When sleeping becomes a sickness

Hartford Courant

Tracy Heim’s awareness of narcolepsy never extended much beyond the movie-screen image of people falling asleep in their soup.

That was until she had three car accidents and started zoning out in mid-conversation during telephone calls at work.

When the doctor she worked for suggested she might have narcolepsy, she dismissed the idea as absurd.

But a neurological exam and an overnight sleep study at Norwalk Hospital confirmed that Heim, now a 33-year-old marketing consultant who lives in Bethel, Conn., indeed had the chronic disease sometimes called sleeping sickness.


“I always thought it was one of those things that was sort of a joke,” said Heim, who was diagnosed eight years ago. “I never thought of it as a real disorder.”

That popular misconception of the disease, combined with a wide variety of symptoms that can mimic seizures, depression or just plain laziness, have led doctors to believe that narcolepsy may be grossly under-diagnosed.

Research suggests that the disease affects one in 2,000 people, about the same prevalence as multiple sclerosis.

But narcolepsy is so poorly understood that it often takes 10 years from the onset of symptoms to a proper diagnosis.


“In terms of its frequency, it’s not as well known as it probably should be,” said Dr. Matthias K. Lee, director of sleep research and insomnia services at Gaylord Hospital in Wallingford, Conn. “People with this disorder really suffer.”

Heim was 25 when she started noticing the excess daytime sleepiness that is typical of narcolepsy. The disease generally begins around puberty, although it is often overlooked in the swirl of physical and emotional changes going on then.

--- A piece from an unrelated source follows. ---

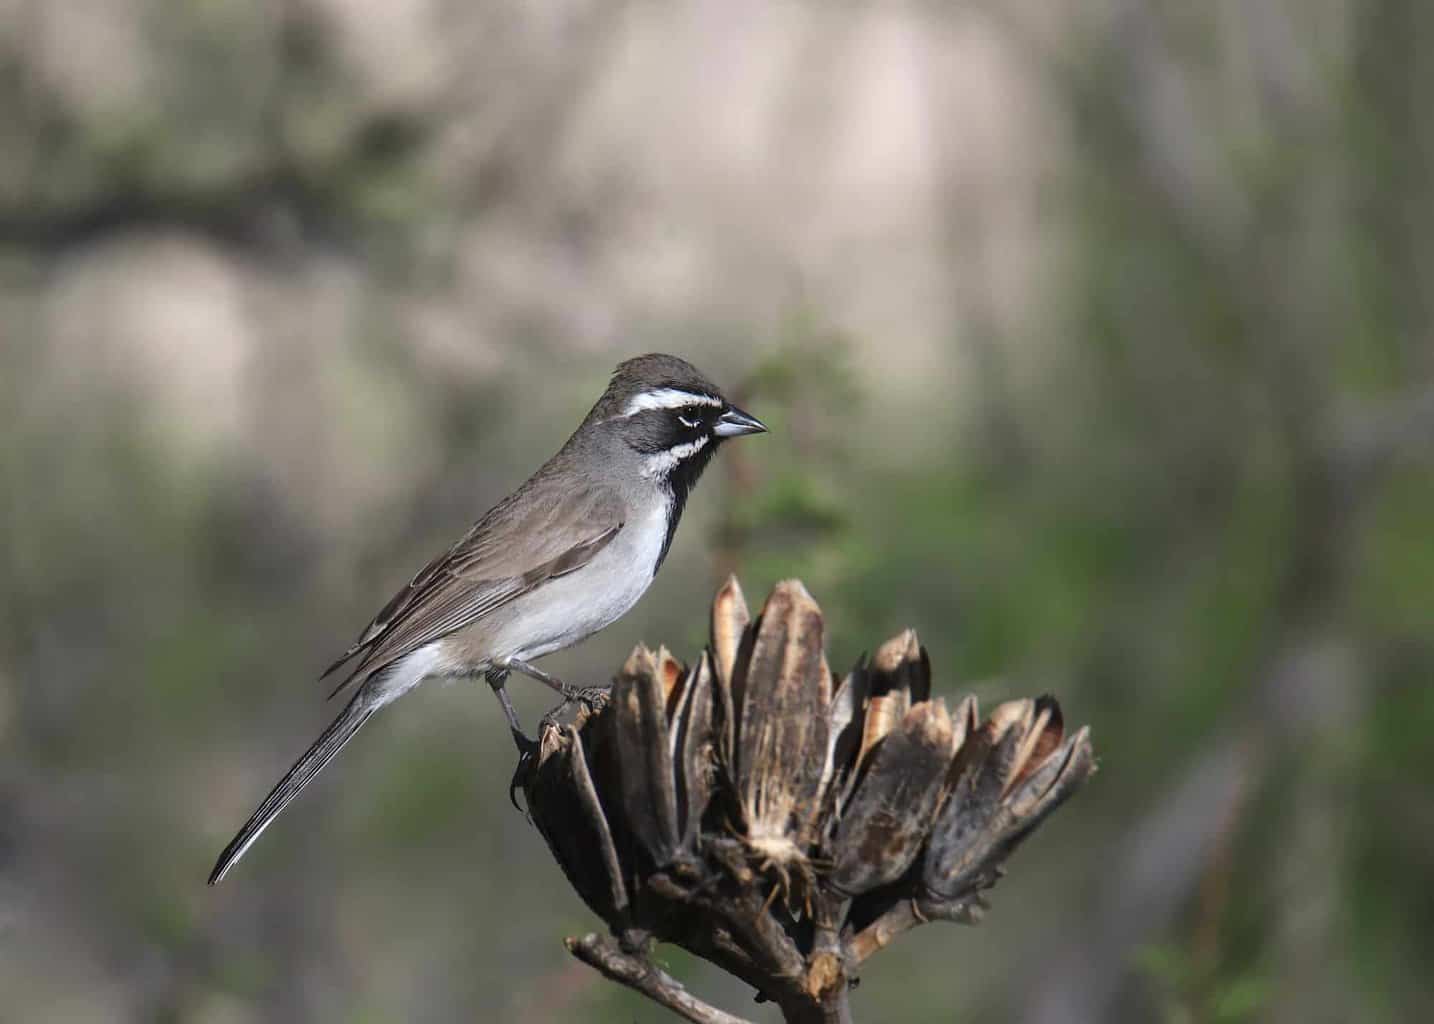 Sparrows in New Mexico

Even after a good night’s sleep, she would experience bouts during the day when she no longer could stay alert. Often, she said, her eyes were open but her mind was “gone.”

Looking back, she recalled strange episodes in college when she was listening to a lecture and taking notes. Next thing she knew, she had lost the thread of the lecture and looked down to find a line scrawled across her notebook where words should have been.

She had no idea how long the blackout had lasted.

Heim has not, however, experienced the brief waking paralysis called cataplexy that is typical in most people who suffer from narcolepsy.

Cataplexy occurs because narcolepsy is a disorder of the rapid eye movement (or REM) portion of the natural sleep cycle.

Healthy people typically go through REM and non-REM sleep cycles every 90 minutes. REM is the least restful part of sleep and the time when people dream.


During REM, the mind can be active but the body becomes paralyzed. Only the eye and ear muscles are working during REM, Lee said.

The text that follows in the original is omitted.